Does it really matter if I have girl abs?  Nah, not so much.  In my everyday career and lifestyle, I'm not walking around in sports bras and lycra pants like I'm Jillian Michaels.  And does it really matter if my legs look a little funky during yoga?  I am the only person who sees them that way, and the cellulite actually goes a long way in hiding the stretch marks on my inner thighs, probably the thing I dislike most about my body.  So maybe my body is doing me a couple of favors there.

Body acceptance is my biggest struggle in this lifetime.  It is something that I think that I have down pat, and then it rises up again, like some kind of crazy hydra that just won't quit.  I won't give up fighting it though, not ever.  My body does incredible things, but it will never be perfect.  Even if I did achieve that ideal of "perfection" I hold in my head, there will always be some new thing about my body that I am picking at, and trying to improve upon. 

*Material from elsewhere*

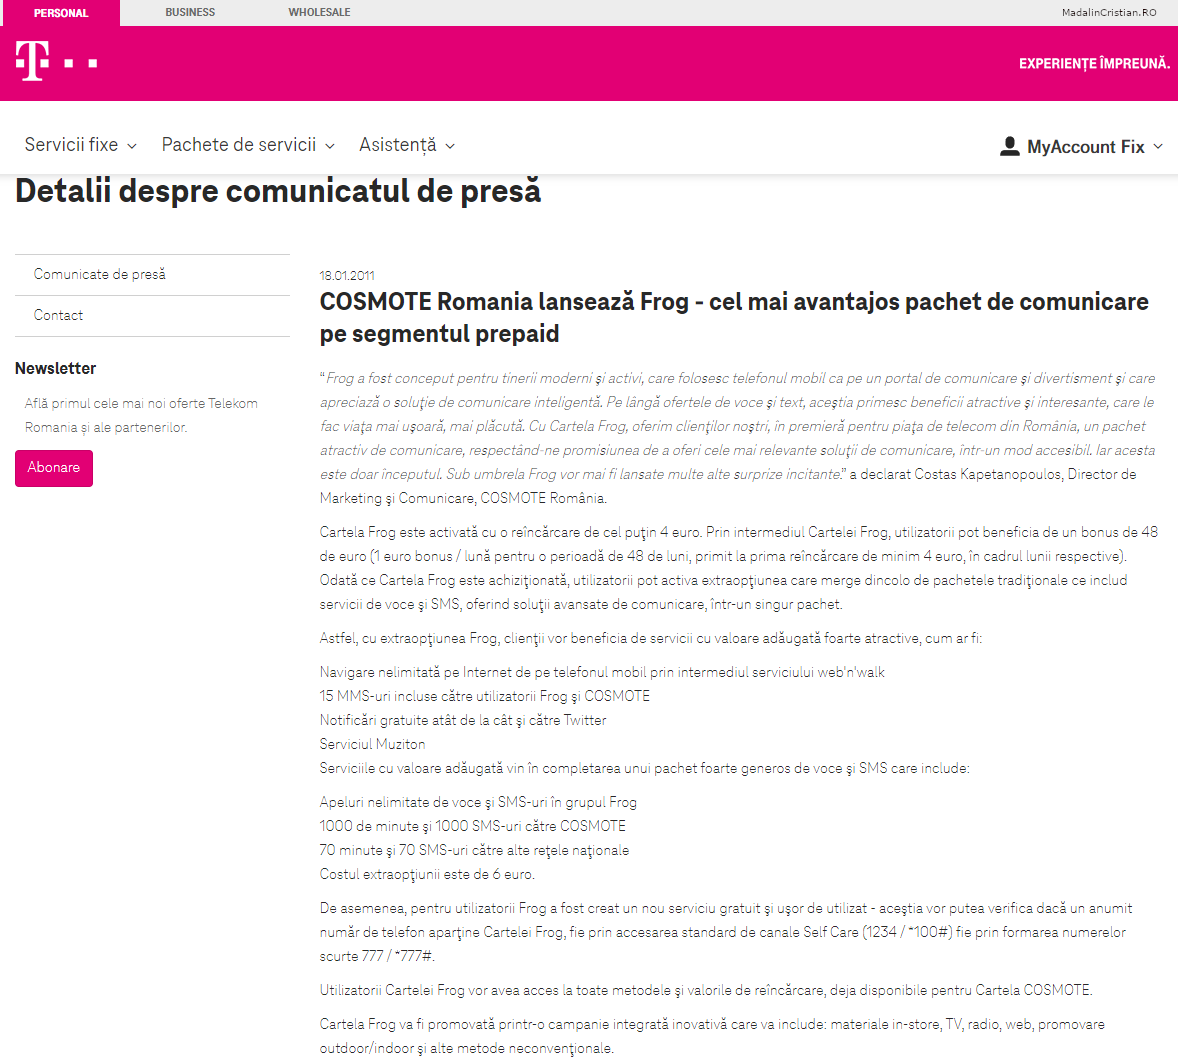 Comunicat de presa Telekom 18.01.2011 COSMOTE Romania lanseaza Frog cel mai avantajos pachet de comunicare pe segmentul prepaid

I'm not saying that I want to be okay with mediocrity, or that I am justifying some type of backslide.  I think that sometimes people see acceptance of reality as an admission of mediocrity.  It isn't that.  It's more of that serenity prayer type of thing.  There are things that I can change about myself, and there are things that I can not.  Or maybe that I can, but I simply love donuts too much to go there.  And it's about realizing that it's alright to pick and choose when I push full steam ahead, and when I take a step back and let myself accept that what I am doing, and who I am is good enough, strong enough, worthy enough.  I can fall short plenty without having to create additional ways that I fall short in the way I look to myself in the mirror.  Those self-induced stresses have too much impact on the rest of my life to let them fester and grow.

So I'm choosing to seek the wisdom and the serenity to accept the things that I can not change about my body.  I'm choosing to accept that my stomach is always going to be a little more round and feminine.  I'm choosing to accept that my legs will always look better in yoga pants over booty shorts.  I'm choosing to accept that my weight is just perfect for my frame, and that it isn't worth it to me right now to give up things I enjoy and appreciate in order to change that weight that is already perfect.  

These are my choices today, universe.  Hear me as I declare them, over and over again.  You have given me a body that is exquisite in its design, and I am honored you entrusted it to my care.  I can only hope that I am doing it a service by choosing to honor it exactly as it was created.

1 comment:

  1. I love this because I agree so much. I'm always wishing I was less pudgy in the middle, but if I was, I'd probably topple over from having such big boobs. Body acceptance is hard!